Task item: Copy the data that follows exactly as it is, excluding all pictures.

Information provided:
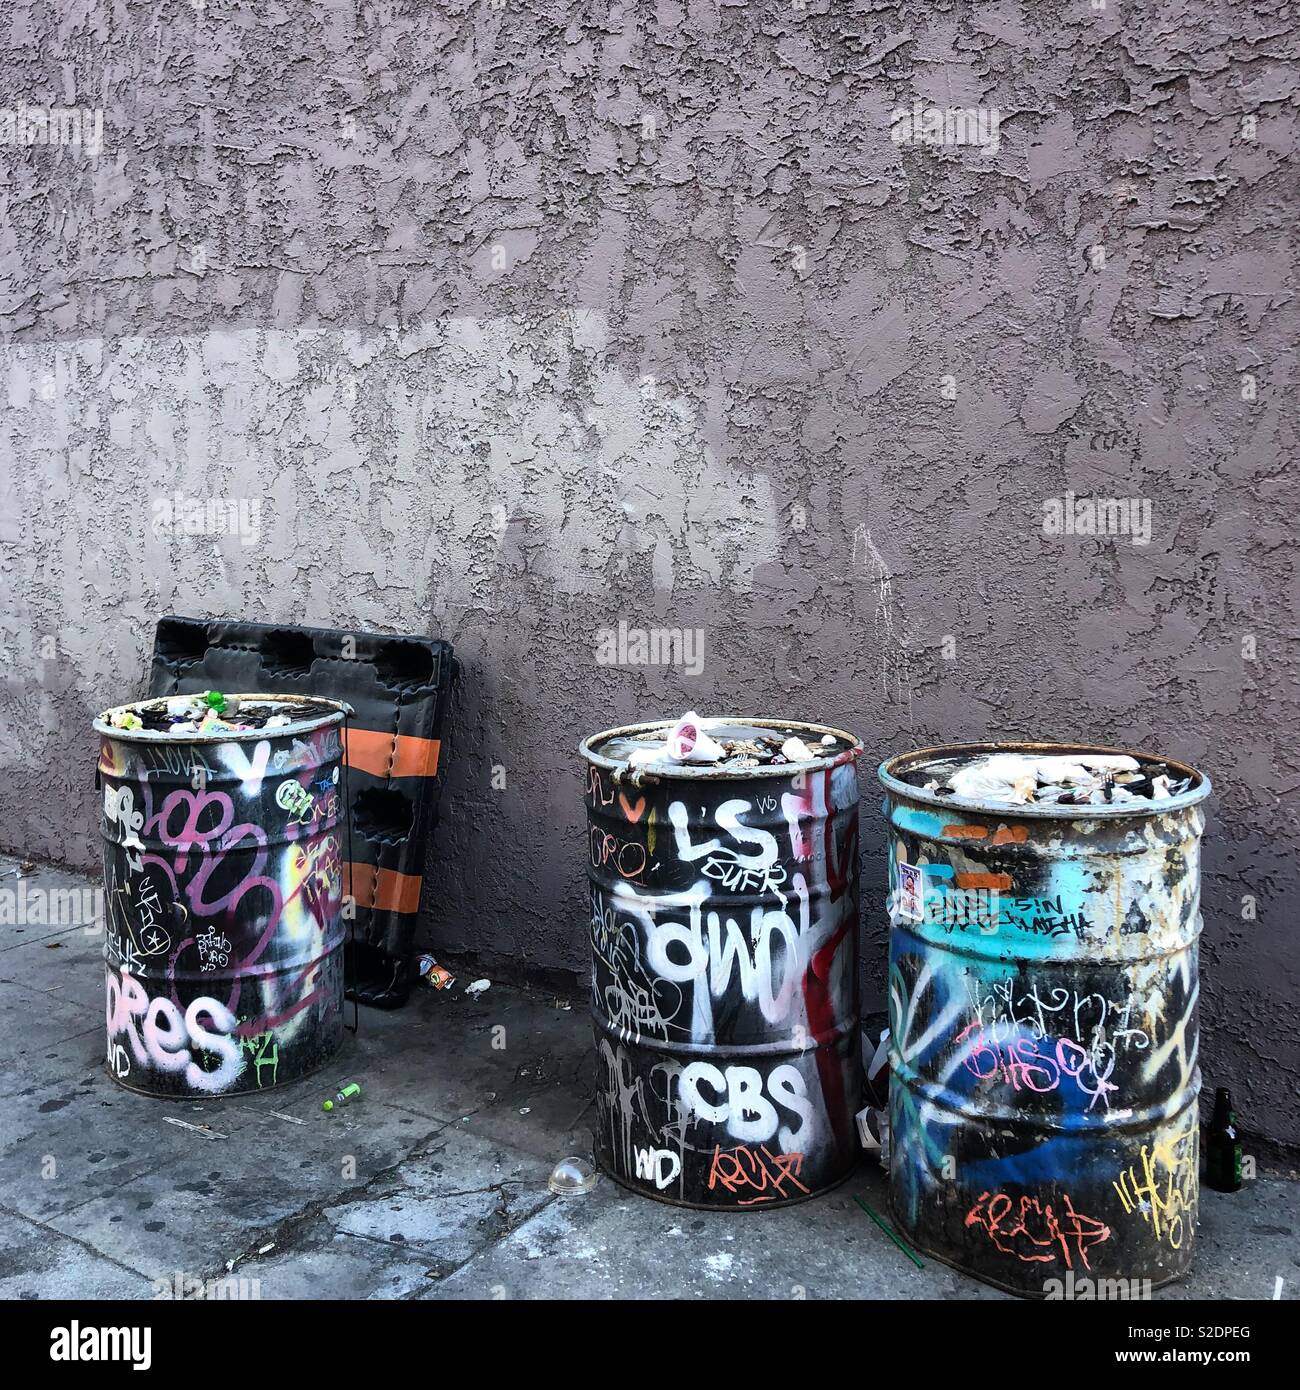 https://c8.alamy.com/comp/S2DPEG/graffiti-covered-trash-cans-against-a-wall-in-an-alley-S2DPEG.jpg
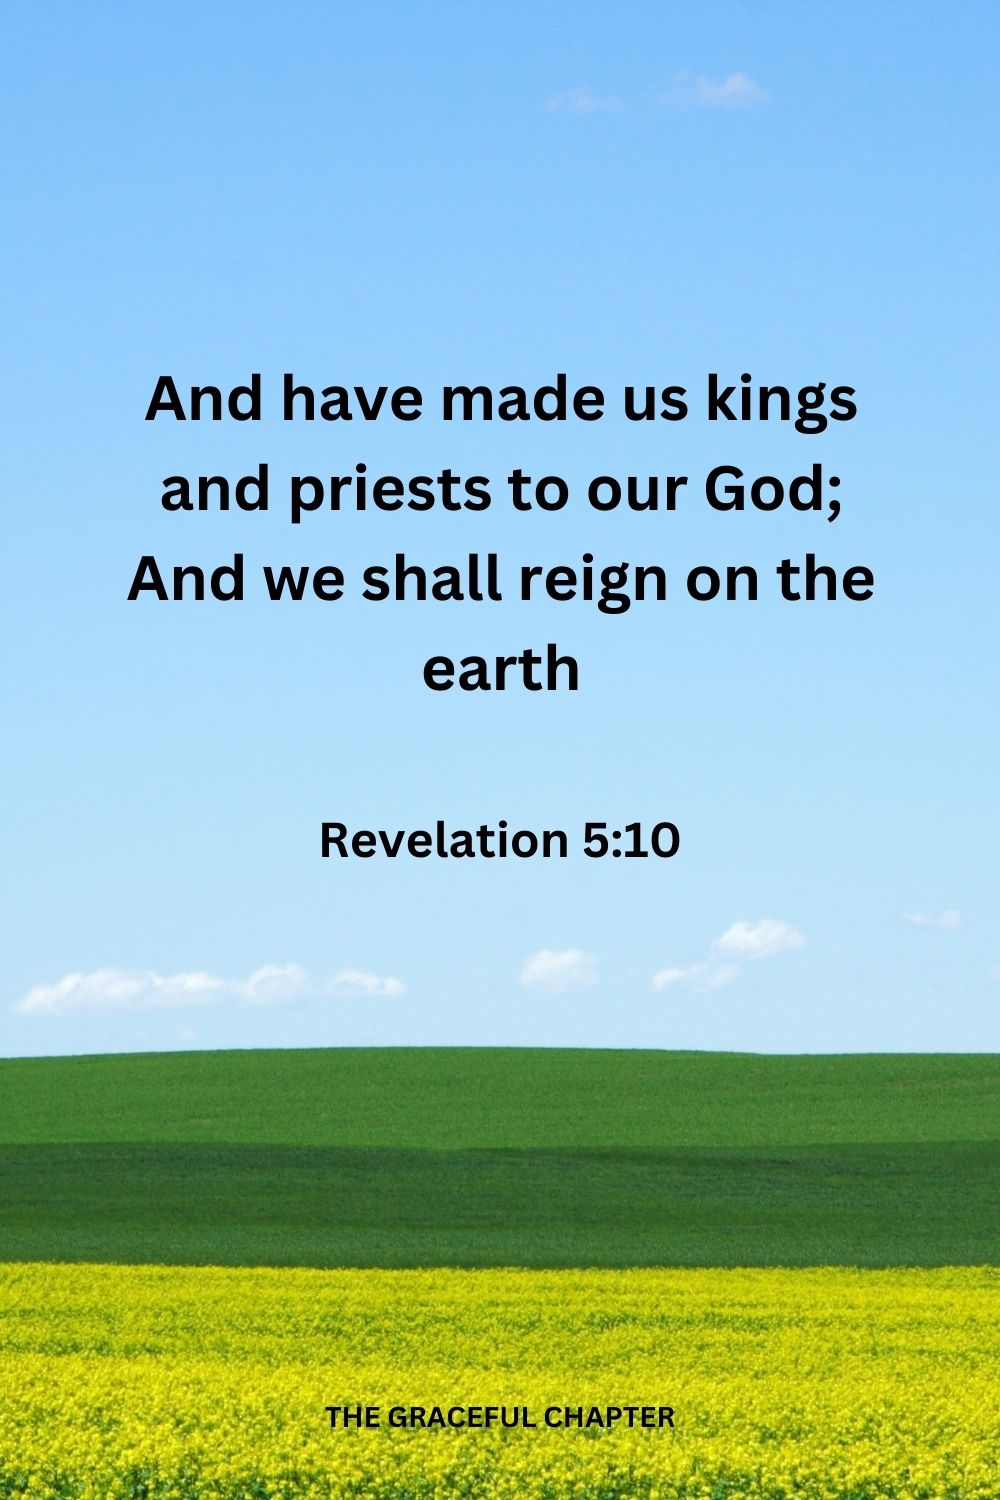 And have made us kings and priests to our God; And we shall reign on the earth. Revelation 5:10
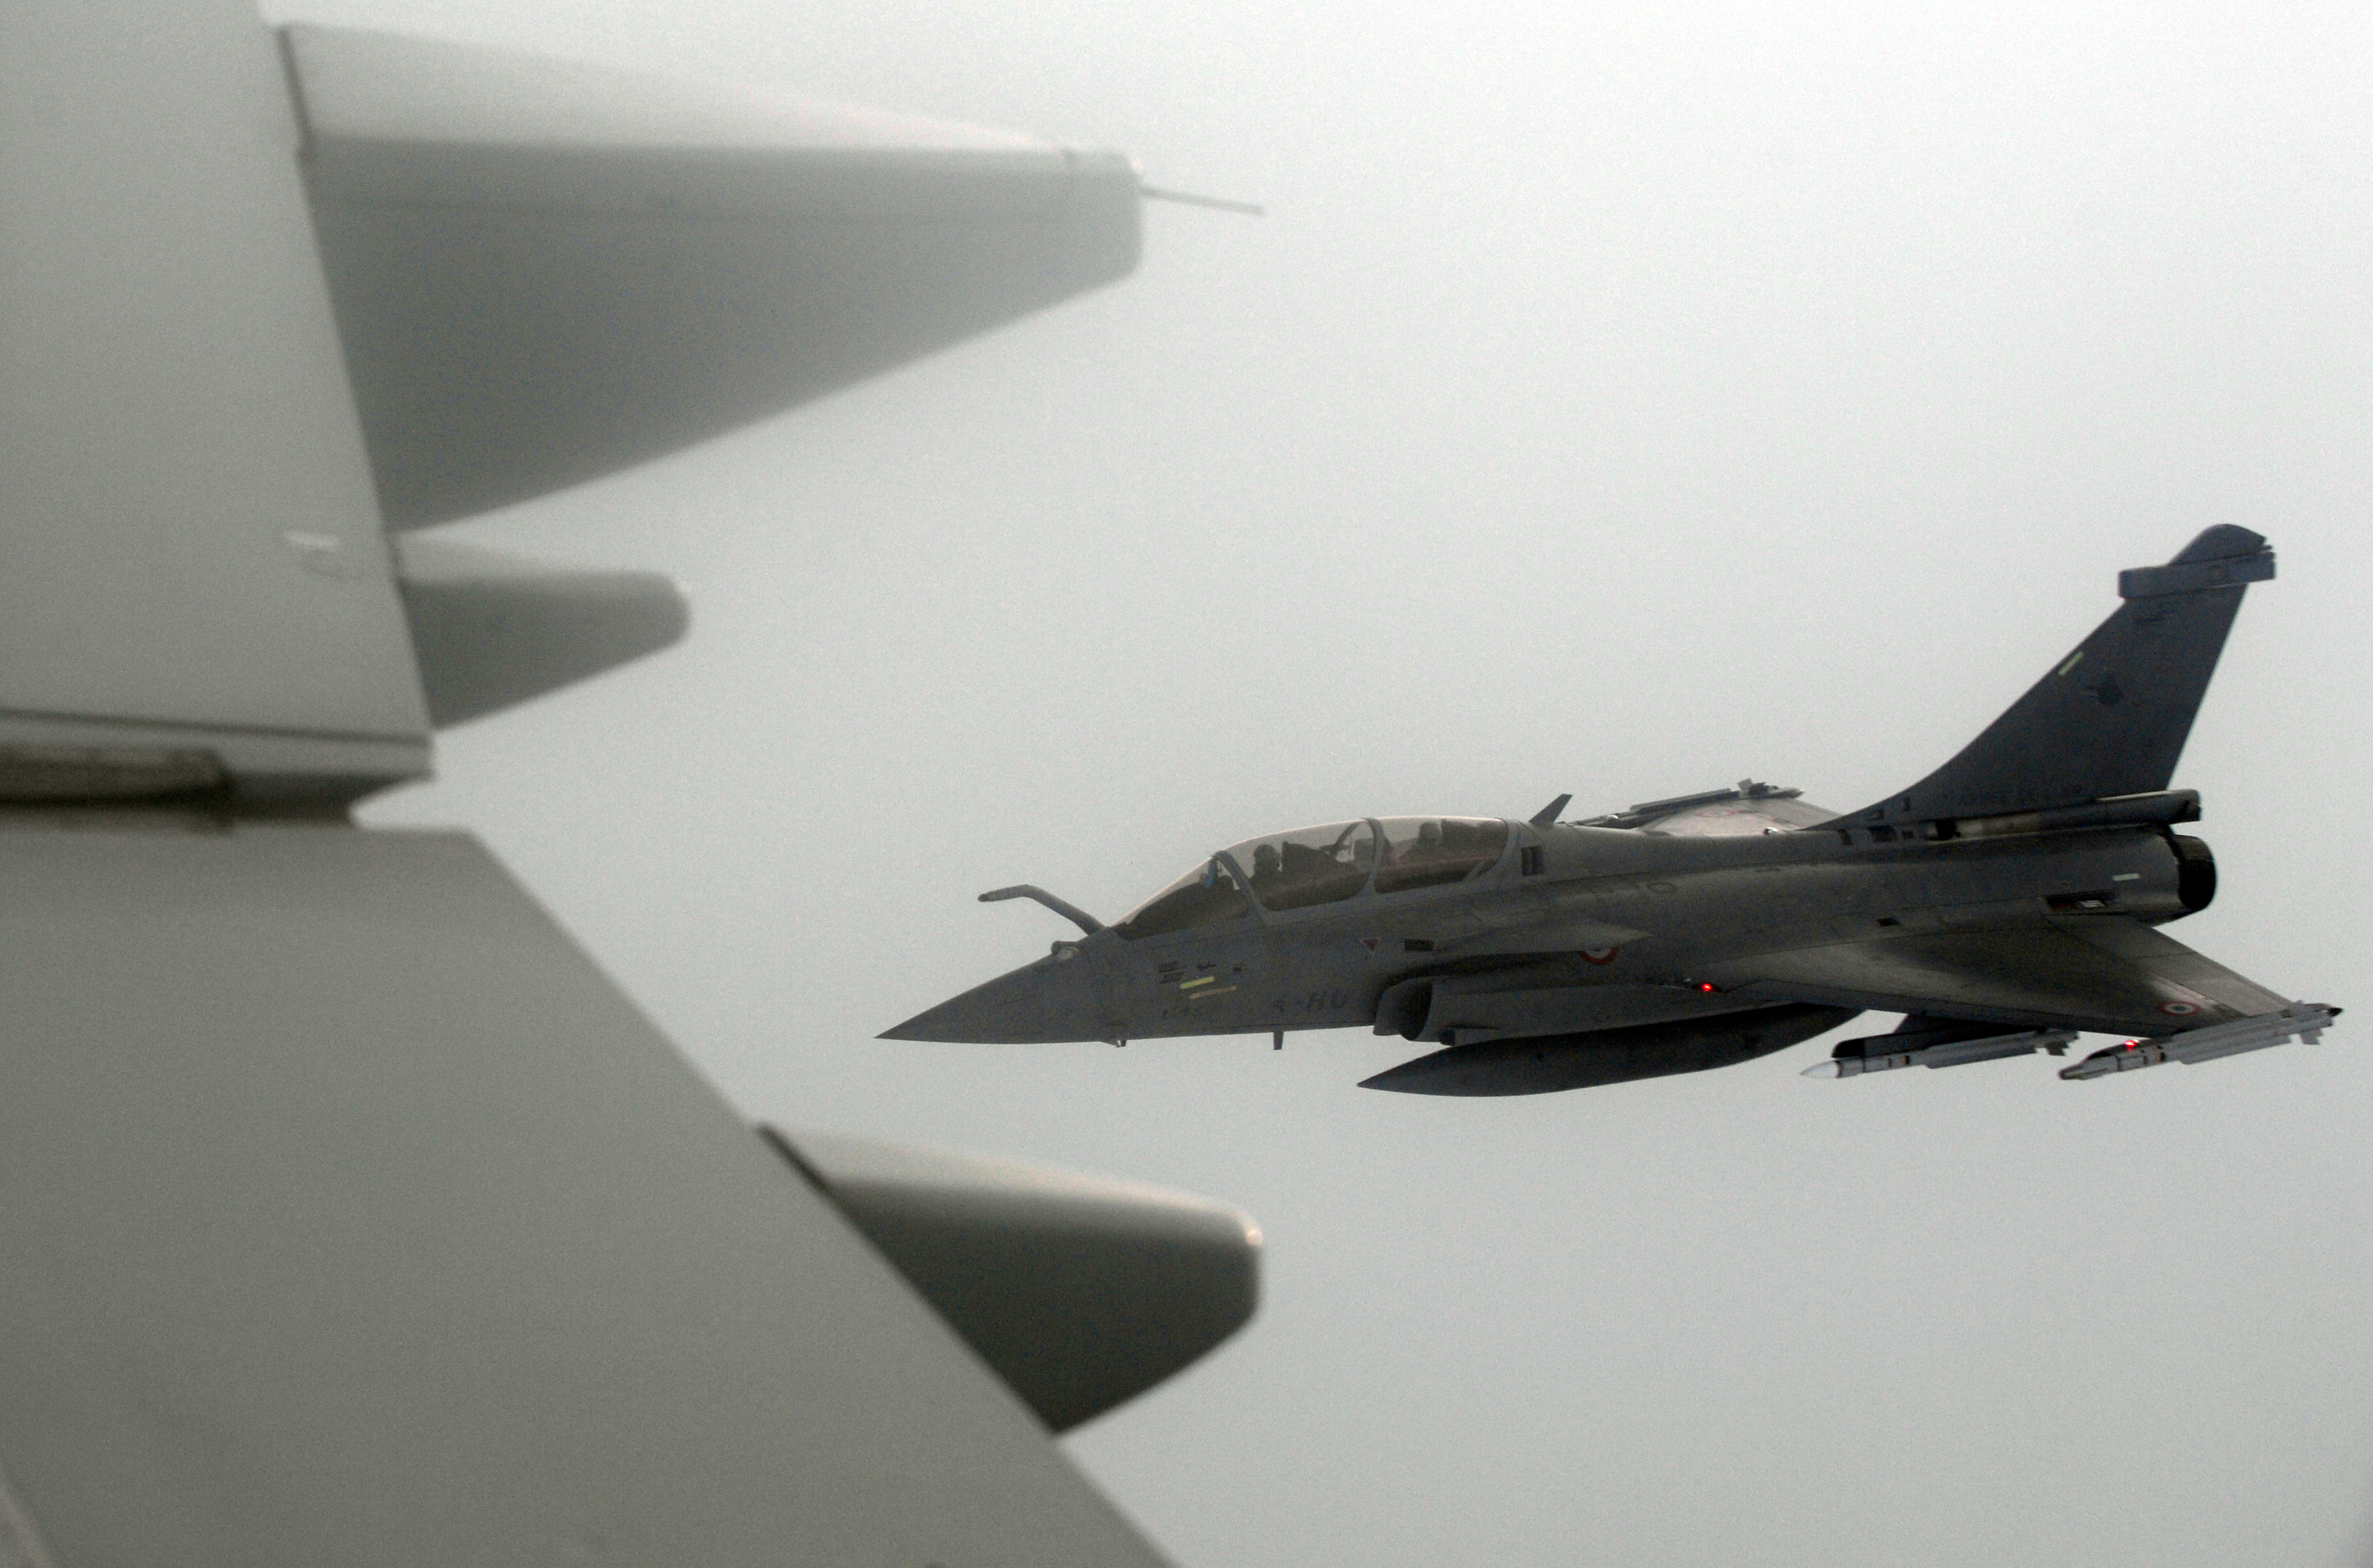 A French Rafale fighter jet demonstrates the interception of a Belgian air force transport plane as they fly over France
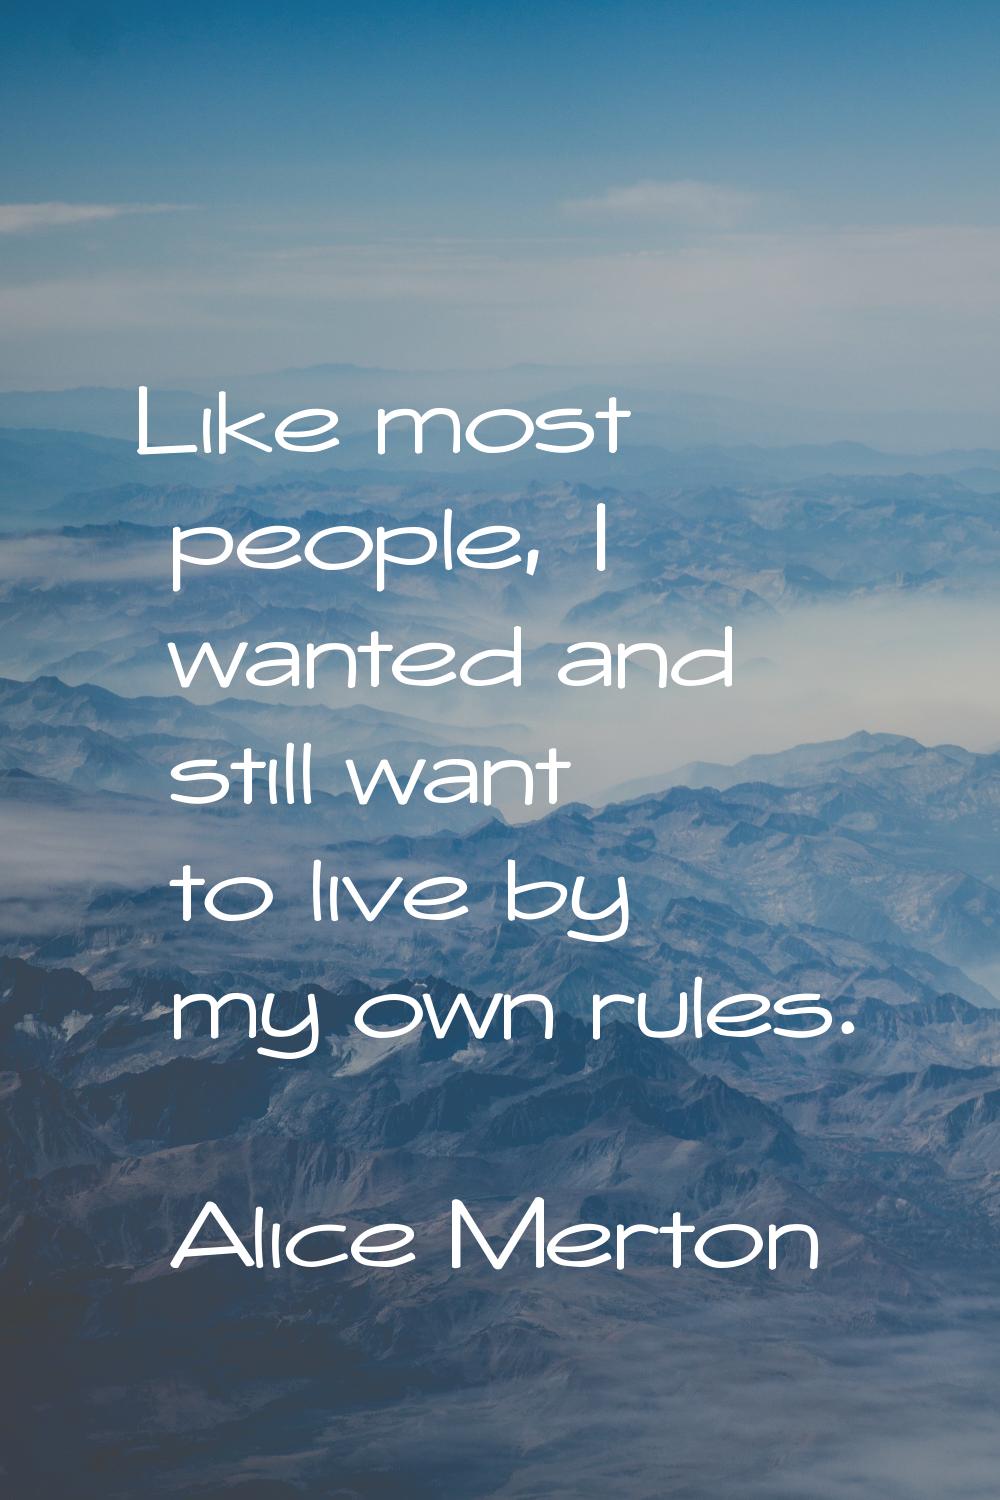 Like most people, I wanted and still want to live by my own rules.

Expected output:
 https://c8.alamy.com/comp/S2DPEG/graffiti-covered-trash-cans-against-a-wall-in-an-alley-S2DPEG.jpg
 And have made us kings and priests to our God; And we shall reign on the earth. Revelation 5:10
 A French Rafale fighter jet demonstrates the interception of a Belgian air force transport plane as they fly over France
 Like most people, I wanted and still want to live by my own rules.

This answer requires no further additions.